The product is based on C libraries so before it can be called in Python the libraries must be available on the local machine. To begin, clone into the repo at this link. cd into the directory and then follow the instructions for your operating system.
If you have a Mac and would rather not use Homebrew to install the required packages: find the non-homebrew instructions for installing autoconf, automake, libtool here. Find something similar to install boost and gettext. Then, follow the instructions on the ReadMe page beginning at the “Then run the following commands” section of the Compiling on GNU/Linux and Unixes section (assuming you have a Mac or Linux).
After that is finished, install pyhunspell using pip or, if you prefer conda, use conda install -c conda-forge hunspell
The hunspell spellchecker software is required for checking the spelling of search terms that are not accepted by the UMLS API the first time around.
The repo includes all the tools to make new dictionaries whenever the SPECIALIST LEXICON is updated. Specifically the affixcompress tool in the src/tools folder. To use the tool, get a list of all the words you want to use sort them, and then run the tool on the list. Note, should only be done within languages as the dictionary creator does seem to derive rules from the words. You can specify more than one set of dictionaries to be used at a time, if you wish.
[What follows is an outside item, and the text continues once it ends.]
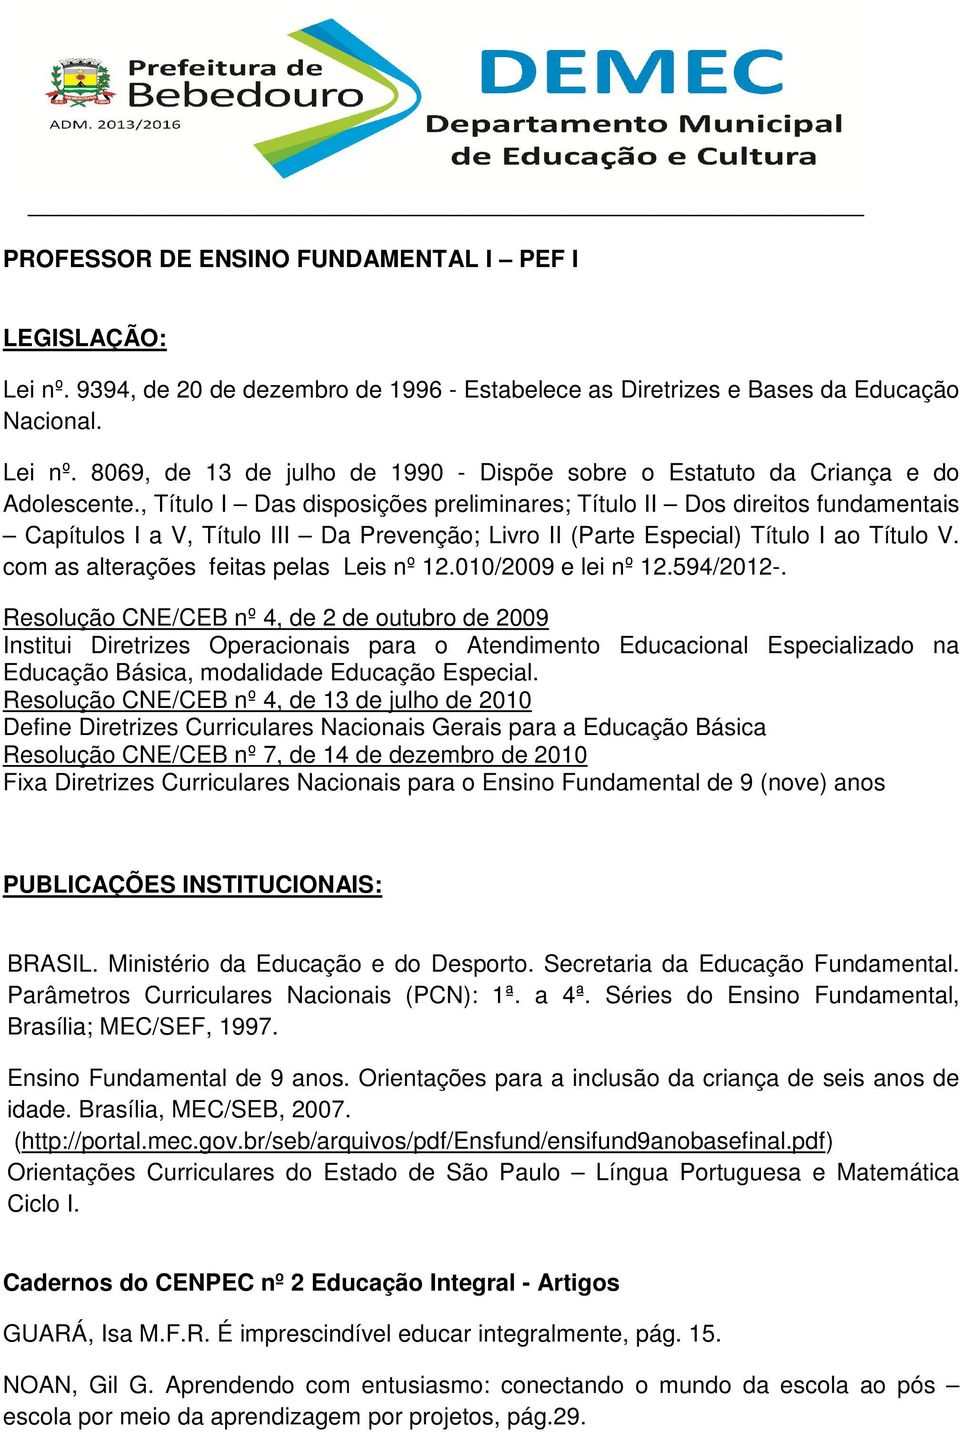 Resolução CNE/CEB nº 4, de 13 de julho de 2010 Define Diretrizes Curriculares Nacionais Gerais para a Educação Básica Resolução CNE/CEB nº 7, de 14 de dezembro de 2010 Fixa Diretrizes Curriculares

In the 02_Run_API.py file, under the #Initialize spellchecker is where the .aff and .dic files you create should be listed. More than one set of dictionaries can be listed, I believe.
If you have direct access to your own search logs, start with the 01 py file. If you are exporting from Google Analytics > Behavior > Site Search, open the 01 file called listOfUniqueUnassignedAfterPhase1.xlsx, make your columns match it, and start with the 02 py file. You will need to remove all procedures for dataframes starting with "log."
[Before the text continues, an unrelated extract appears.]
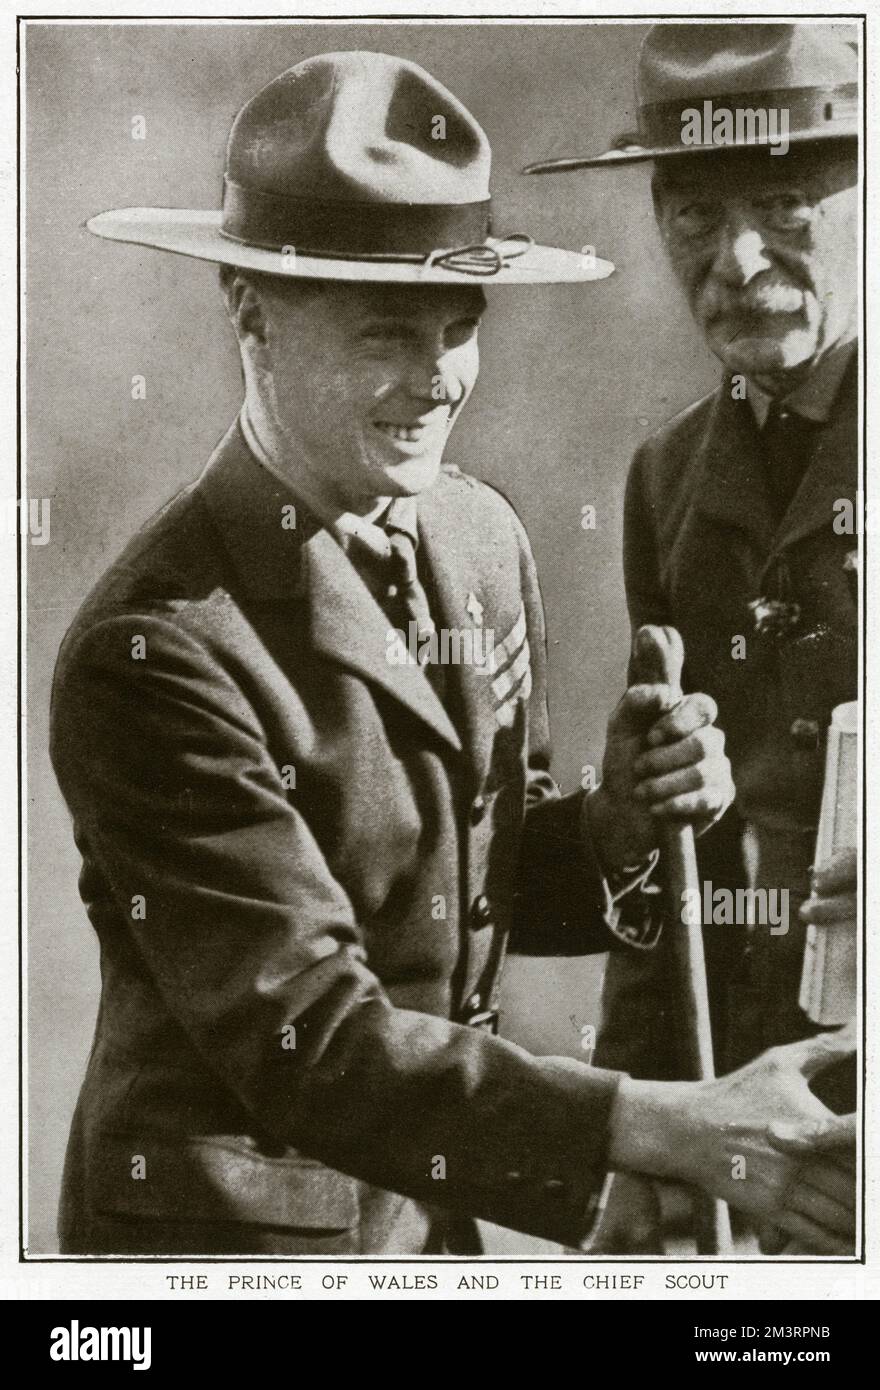 Prince de Galles, plus tard Edward VIII, jusqu'à l'abdication même année 1936 et connu comme duc de Windsor (1894 - 1972), photographié avec Sir Robert Baden-Powell (1857 - 1941), fondateur des scouts et des Guides. 1922 Banque D'Images

Recommendation for Google Analytics users who have configured site search: Create custom report with two Dimensions, Start Page and Search Term, and one metric, Total Unique Searches. Set filter for Start Page URL to restrict to a domain, if needed.
Whole-project view. We do not have a deployable software package at this time; this repo contains scripts that can be run together or separately.
9/13/2018: Incomplete or not-started elements have a dotted border.
- Collapse SPECIALIST LEXICON into a dictionary to be ingested by Hunspell to create better spellchecking to match with search terms.
- For matching of the web content that won't be findable in UMLS, spider whole website and cluster by text body, instead of only matching the titles/metadata headings. R&D switching to beautifulsoup and using tf-idf vectorize; create a word bank for each topic.
- Other NLP Toolset Integrations:
- Google's search algorithm has a very good suggestion system backed by billions of search queries to correct for misspellings - using an available API could be worth looking into instead of reinventing the wheel.
- Stanford has a toolset for named entity extraction, that could be used on web site pages
- R&D whether to start pulling down relationships to assist with queries such as yoga nutrition. https://www.nlm.nih.gov/research/umls/META3_current_relations.html
- Consider capturing IDs for preferred terms for later use? So people can use the wikidata, sparql, etc. connections?